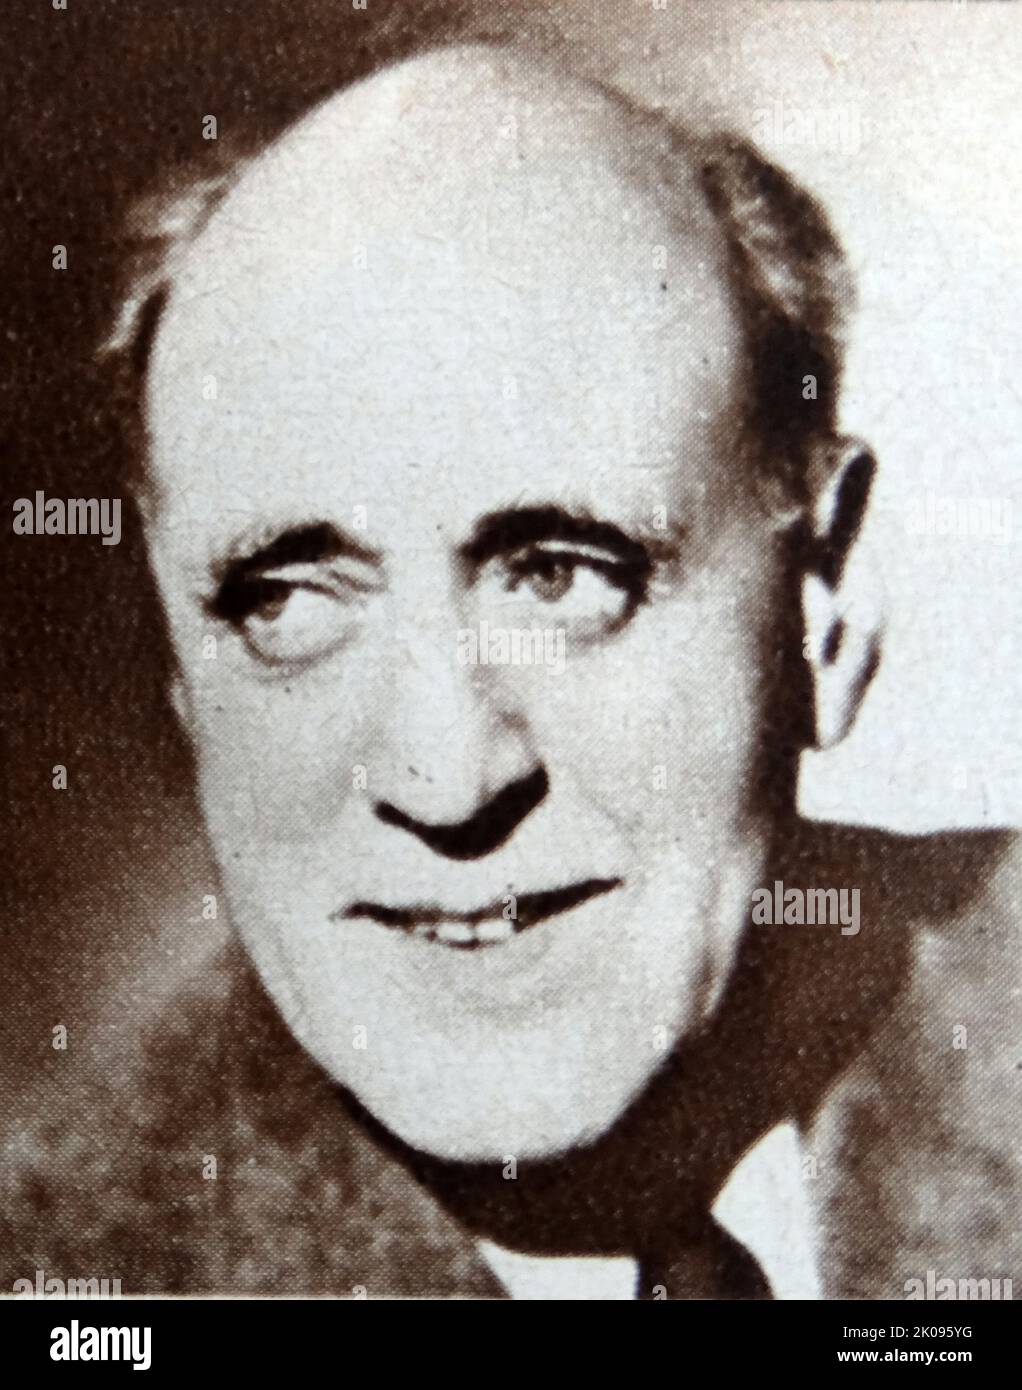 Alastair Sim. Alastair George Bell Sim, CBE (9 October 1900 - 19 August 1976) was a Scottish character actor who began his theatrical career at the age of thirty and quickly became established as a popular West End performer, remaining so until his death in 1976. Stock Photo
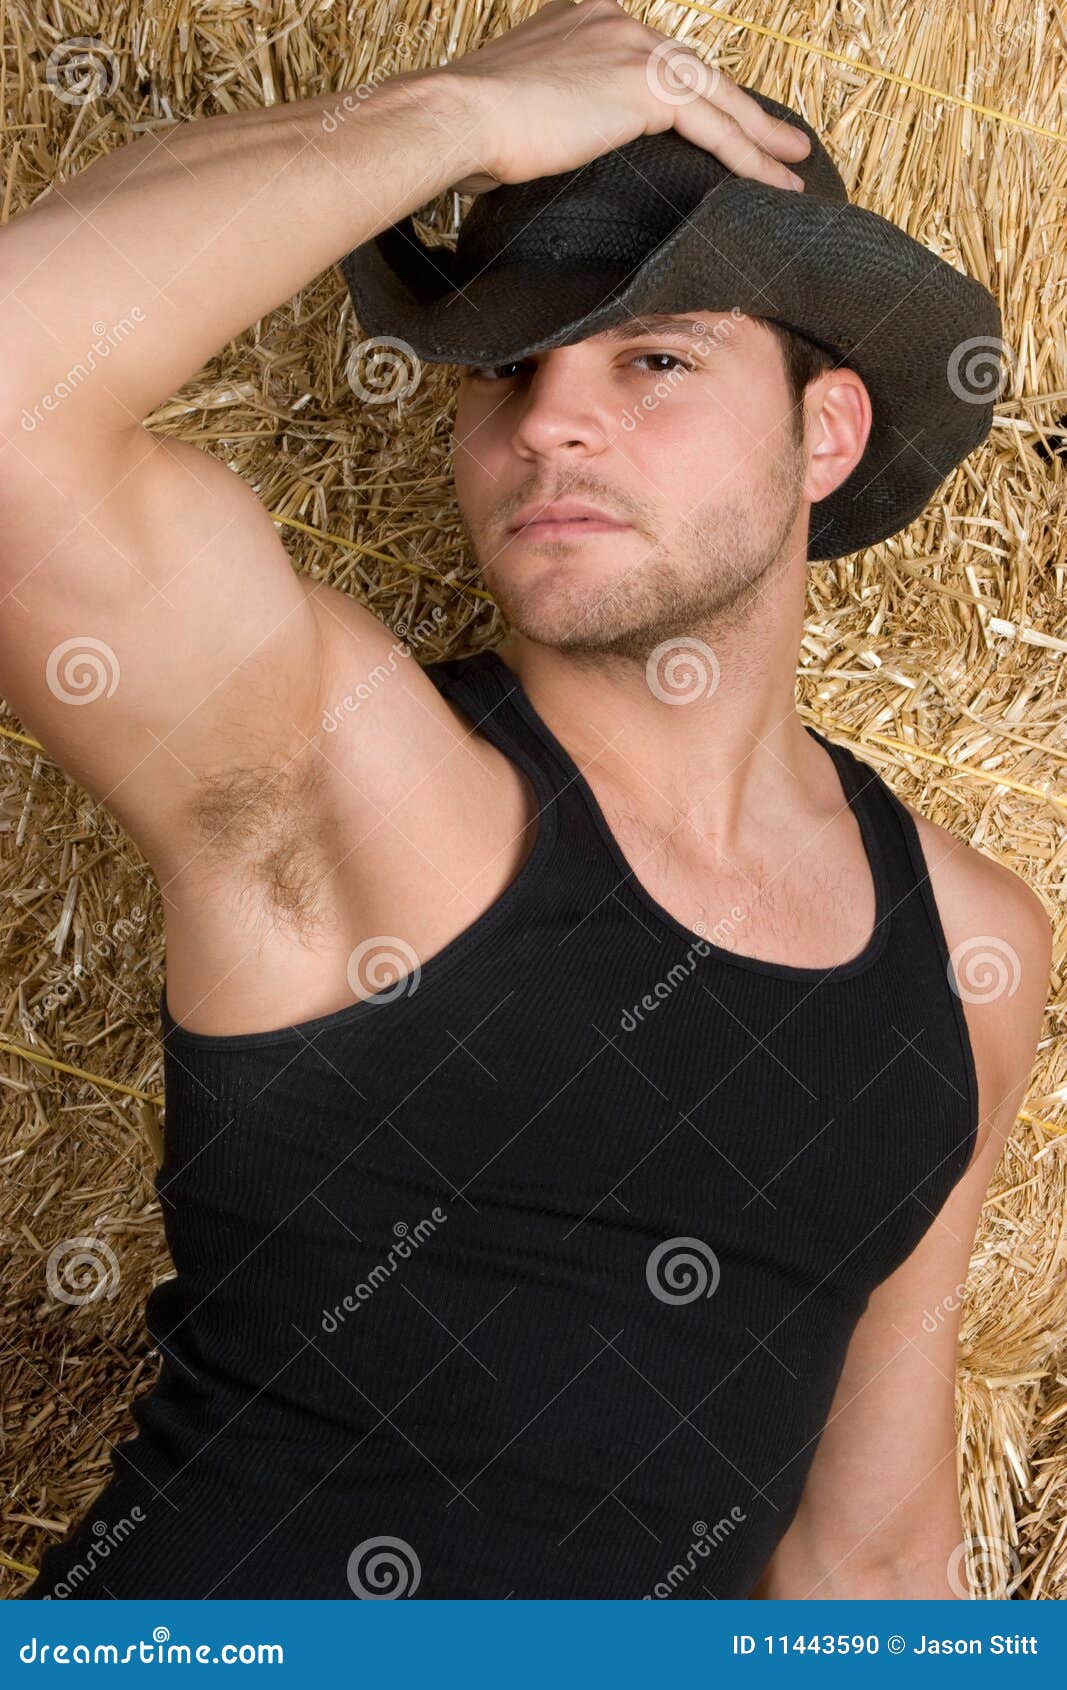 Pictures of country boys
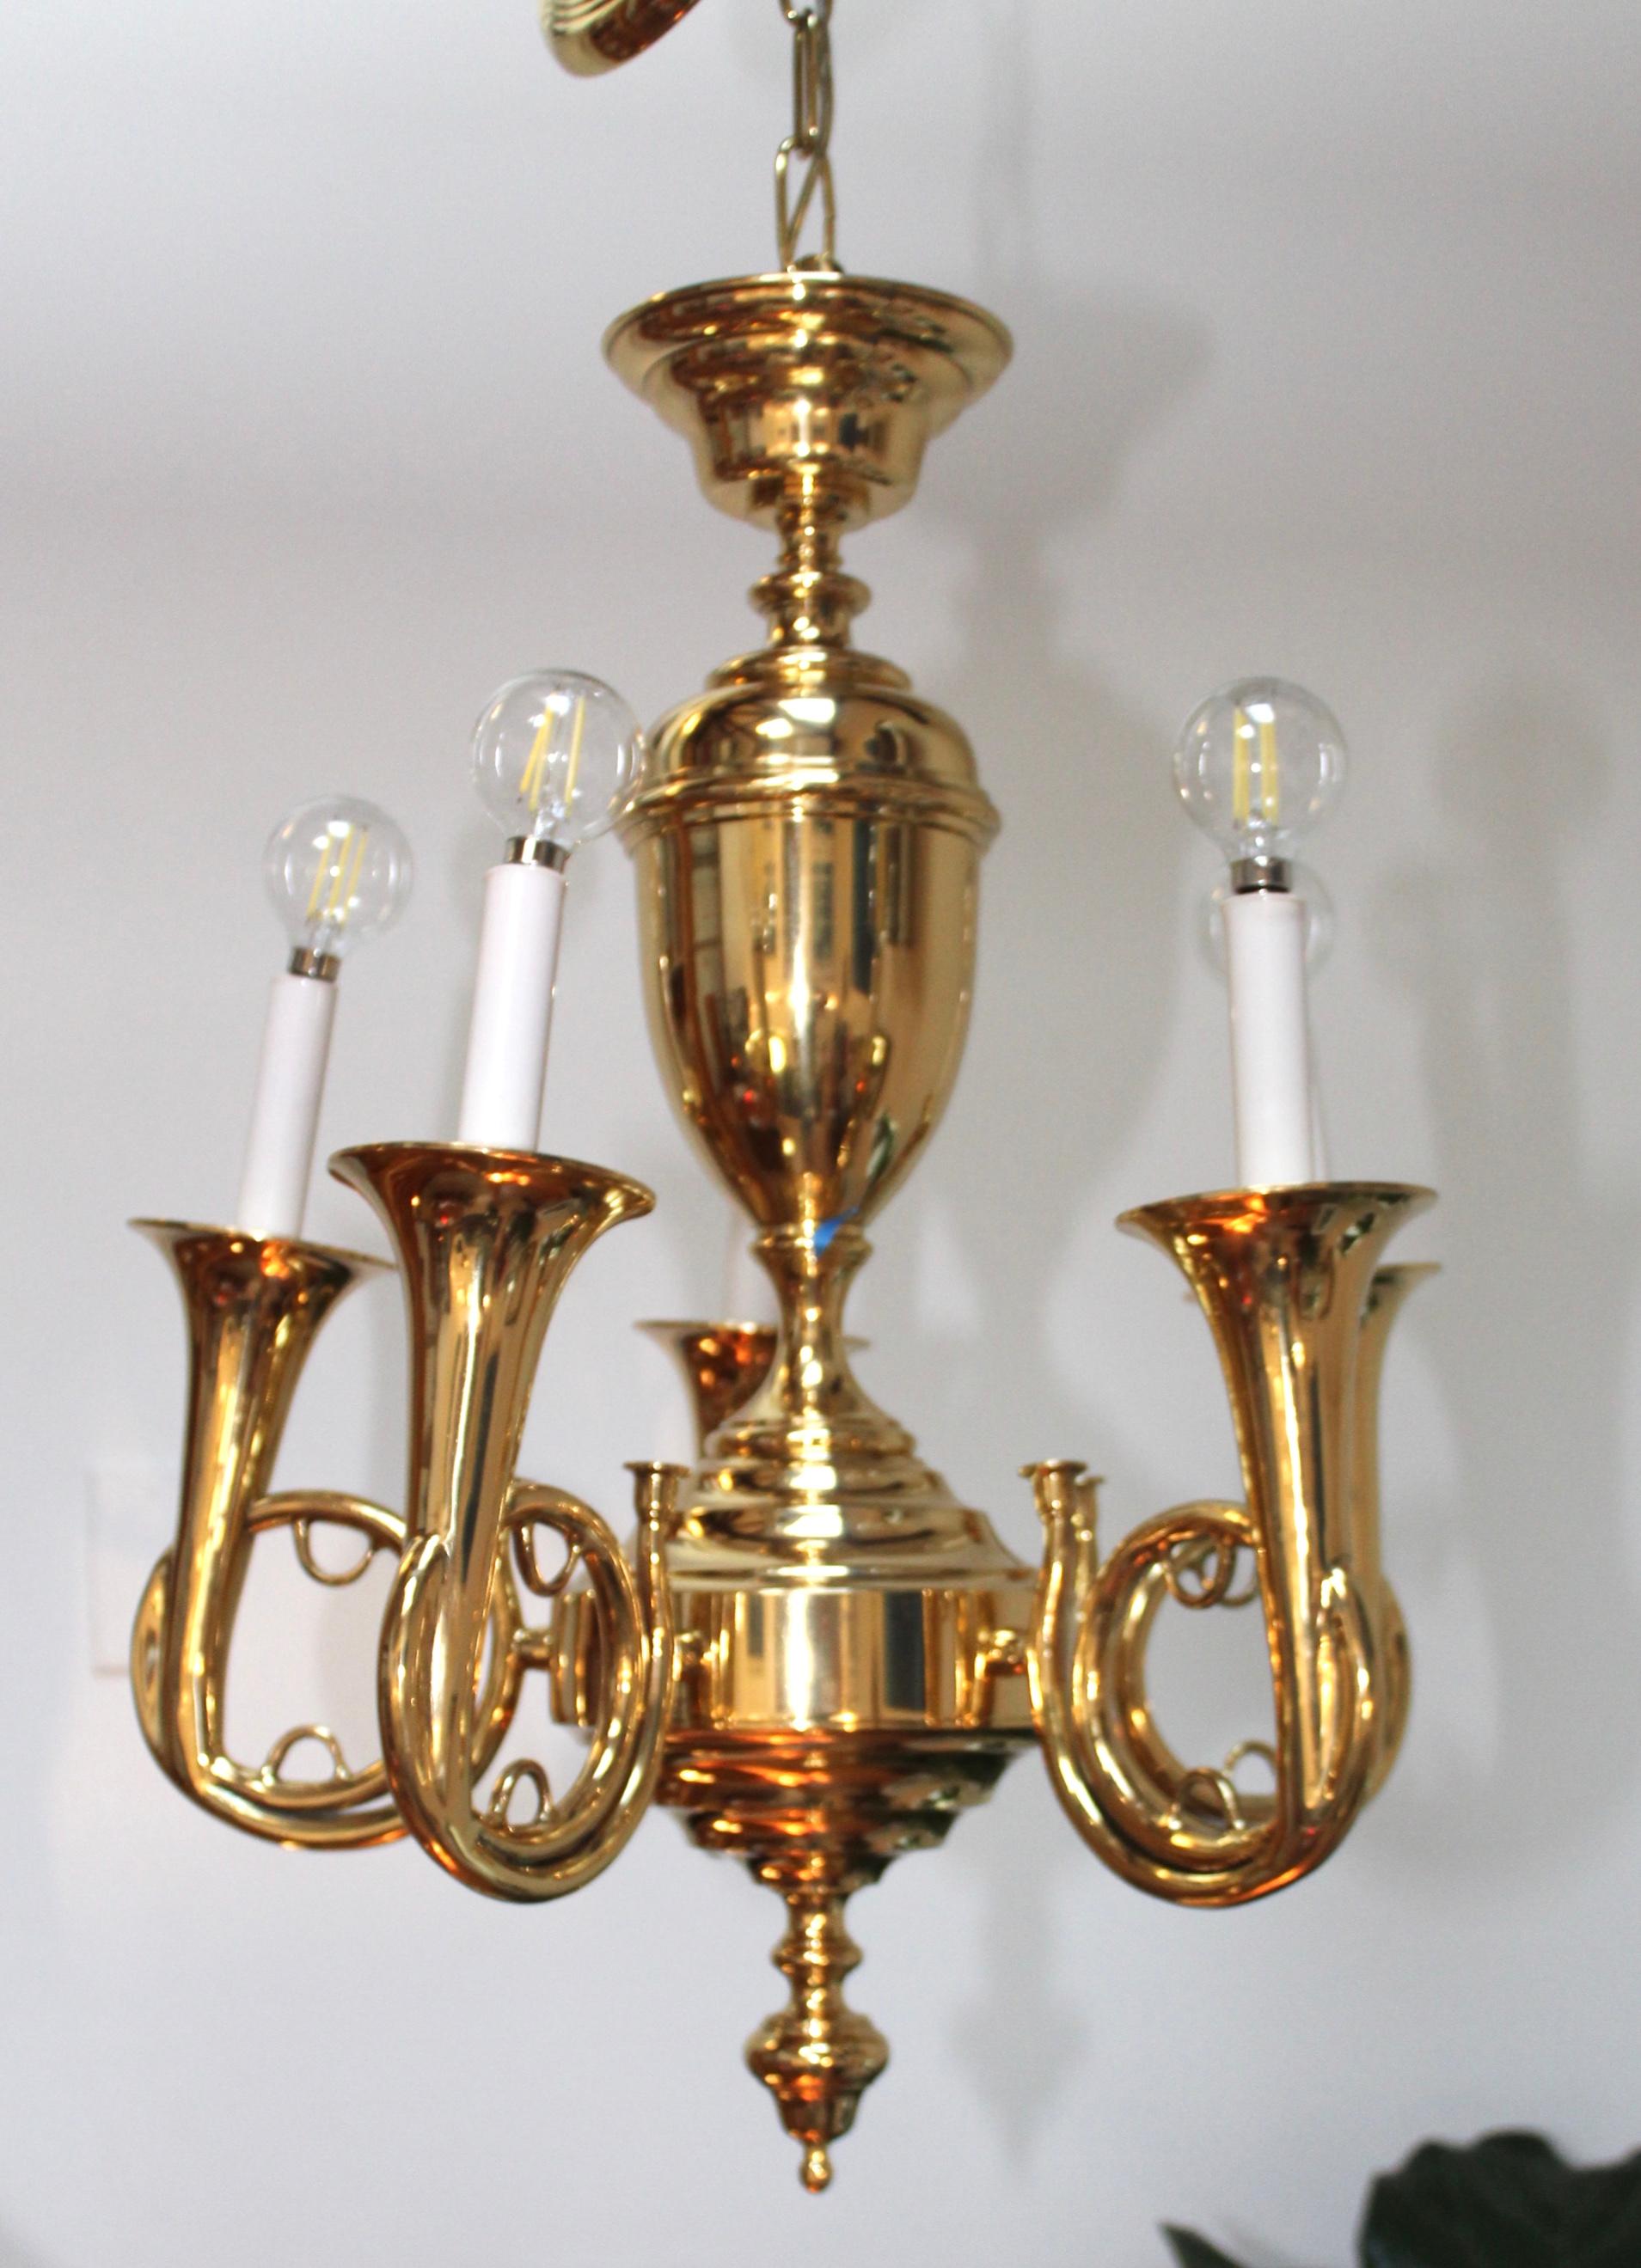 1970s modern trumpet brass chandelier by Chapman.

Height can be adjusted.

**What is expected:** Wherever the listing shows a picture, omit it and output the rest exactly as given.

**Answer to this problem:**
 Alastair Sim. Alastair George Bell Sim, CBE (9 October 1900 - 19 August 1976) was a Scottish character actor who began his theatrical career at the age of thirty and quickly became established as a popular West End performer, remaining so until his death in 1976. Stock Photo
 Pictures of country boys
 1970s modern trumpet brass chandelier by Chapman.

Height can be adjusted.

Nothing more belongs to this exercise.